Gib Bulloch was working as a manager in Accenture's strategy consulting practice back in 1999 when he experienced what he describes as his "crucible moment". "I came across an article in the Financial Times saying that VSO were looking for individuals with business skills to volunteer in developing countries," he recalls. "I had thought that development [work] was only for doctors, nurses and teachers, not businesspeople like me."

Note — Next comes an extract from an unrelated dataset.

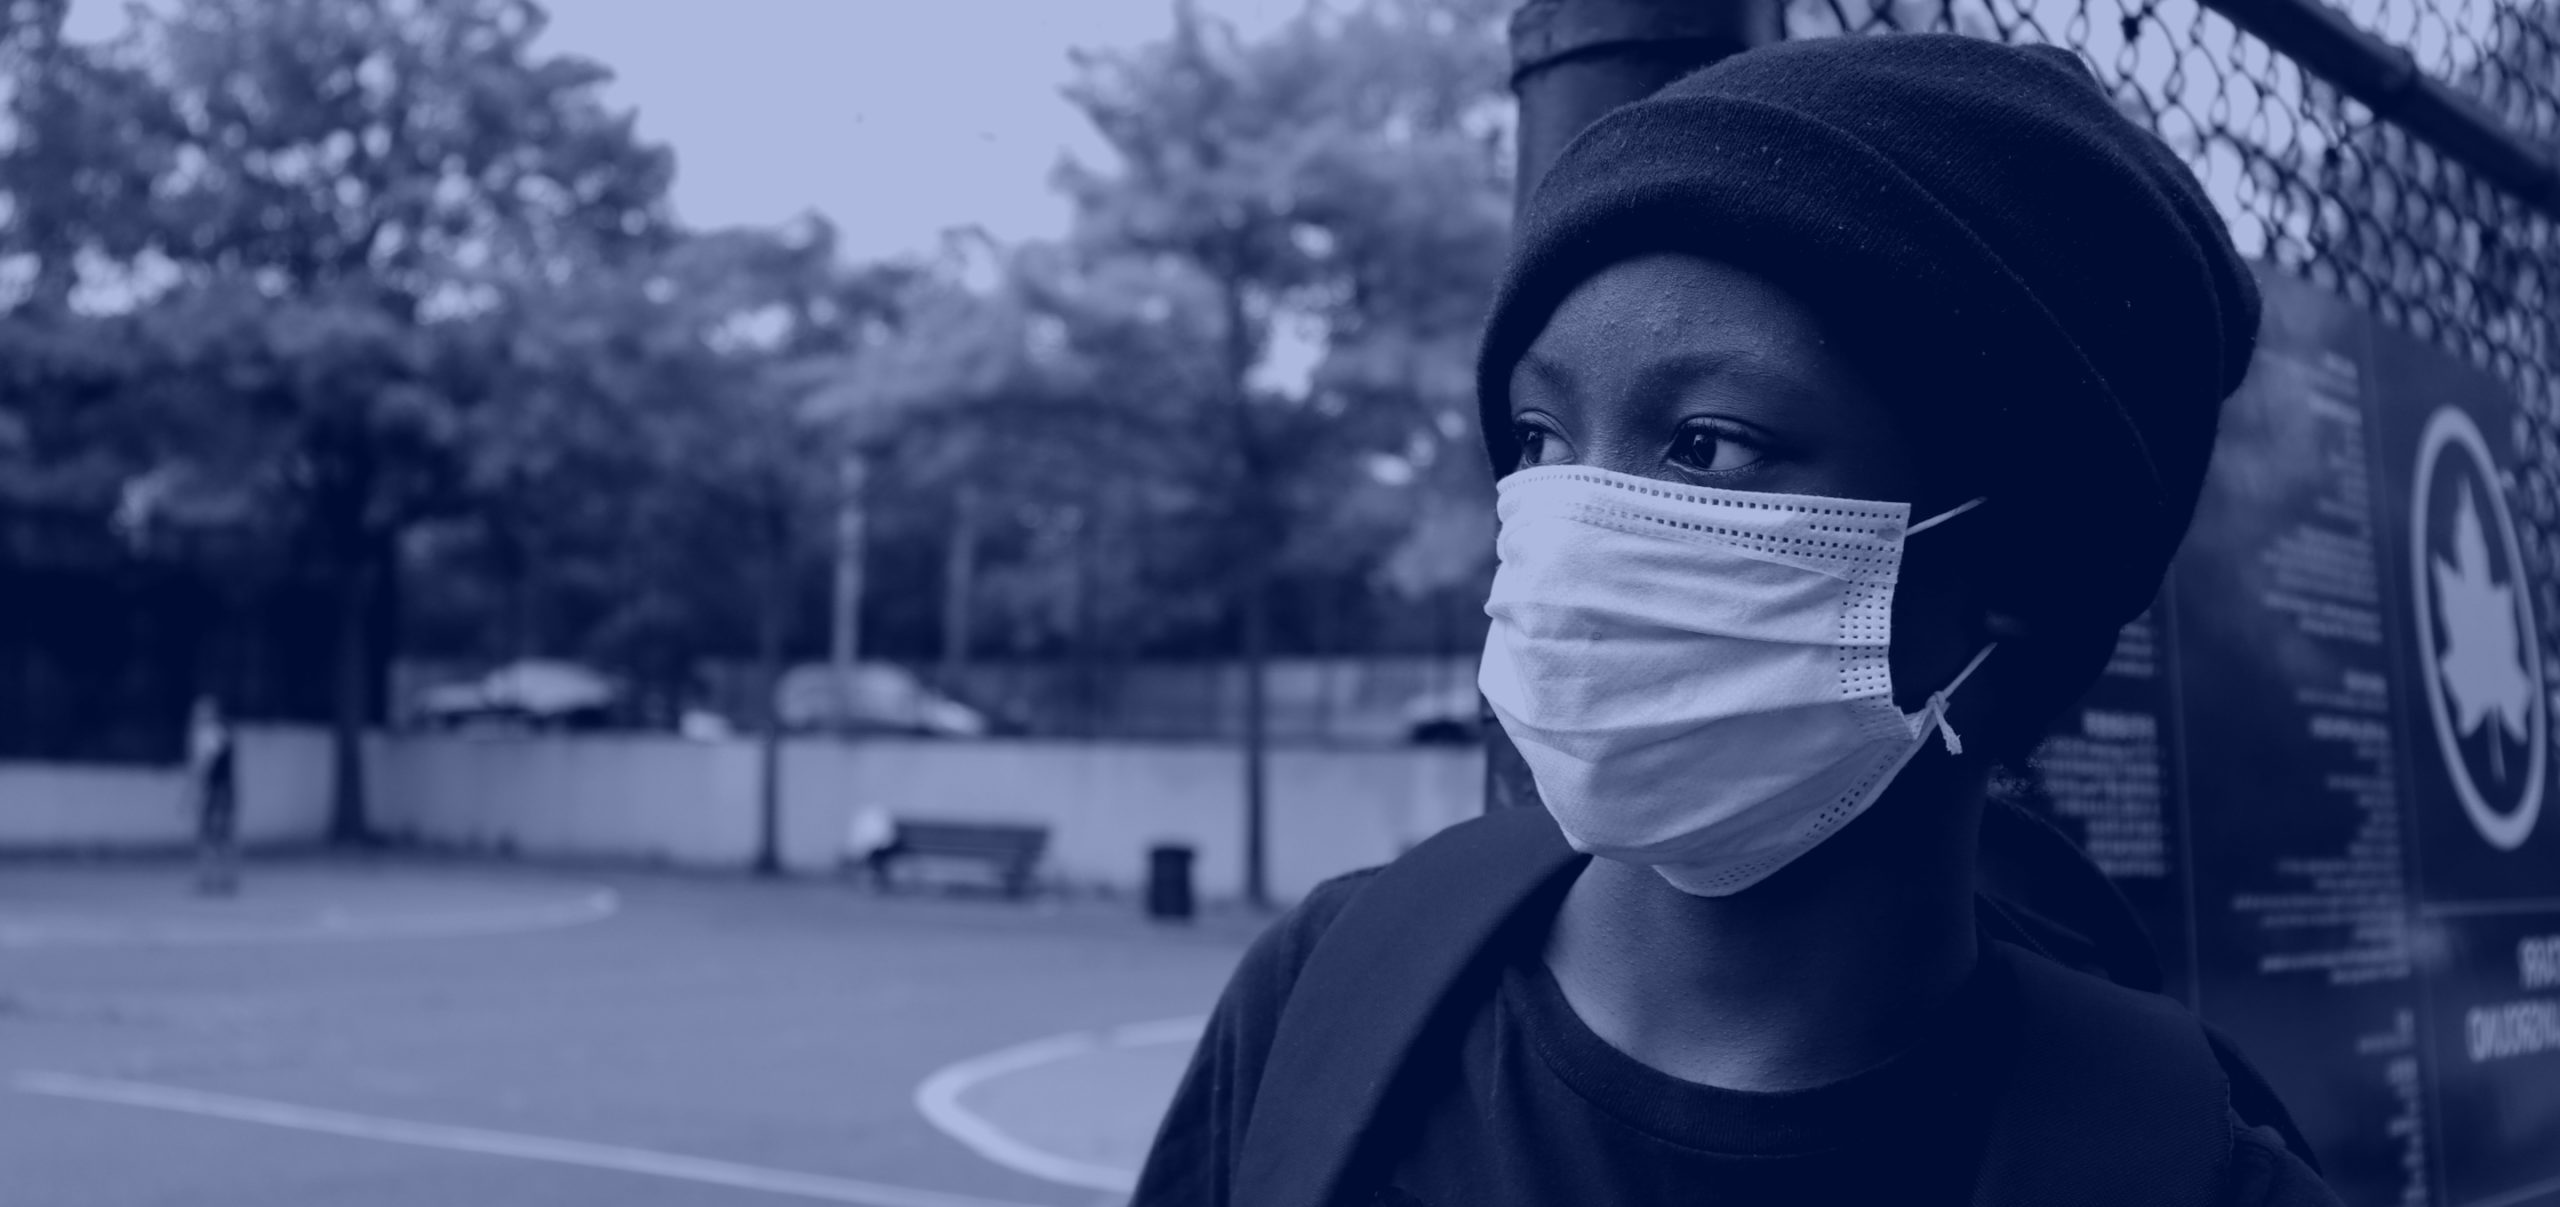 CHICAGO’S YOUTH CITIZEN SCIENTISTS: Launching a new model of teen community healthcare workers

Bulloch had been working for Accenture for a number of years, enjoyed the job and was on track for promotion. "But I wanted a bit of meaning in my life." He got it very quickly. Within a week, he had organised a year-long secondment to a VSO enterprise development project in Macedonia. He swapped London's high-pressure business environment for learning a new alphabet and singing Macedonian folk songs with his host family. But rather than getting the need for meaning out of his system, the experience prompted him to think about how Accenture could replicate the help he was providing on an "industrial" scale and bring consultancy services to areas of the world and types of businesses that had historically been denied them.

The result was Accenture Development Partnerships (ADP), launched in 2003 to offer high-quality business and technology consultancy to NGOs and donor organisations at an affordable price. Current projects include supporting an international, child-focused NGO to improve its financial reporting and business planning; helping another major international NGO improve its supply chain management; and helping to transfer the knowledge and best practice of another NGO's microfinance programme across several African countries.

But ADP is not about charity or philanthropy. Initially conceived as a talent recruitment and development tool—high flyers take a 50 per cent cut in their salary to do a six-month secondment, which Bulloch describes as "a mini-MBA"—it makes business sense.

"There is a demonstrable effect on our recruitment and retention, but ADP is having a positive effect on our brand and our reputation, too. We are also gaining useful first-hand experience of the emerging markets where our clients are going. We don't aim to make a profit, but all these things are helping us move towards a position of being cost-neutral."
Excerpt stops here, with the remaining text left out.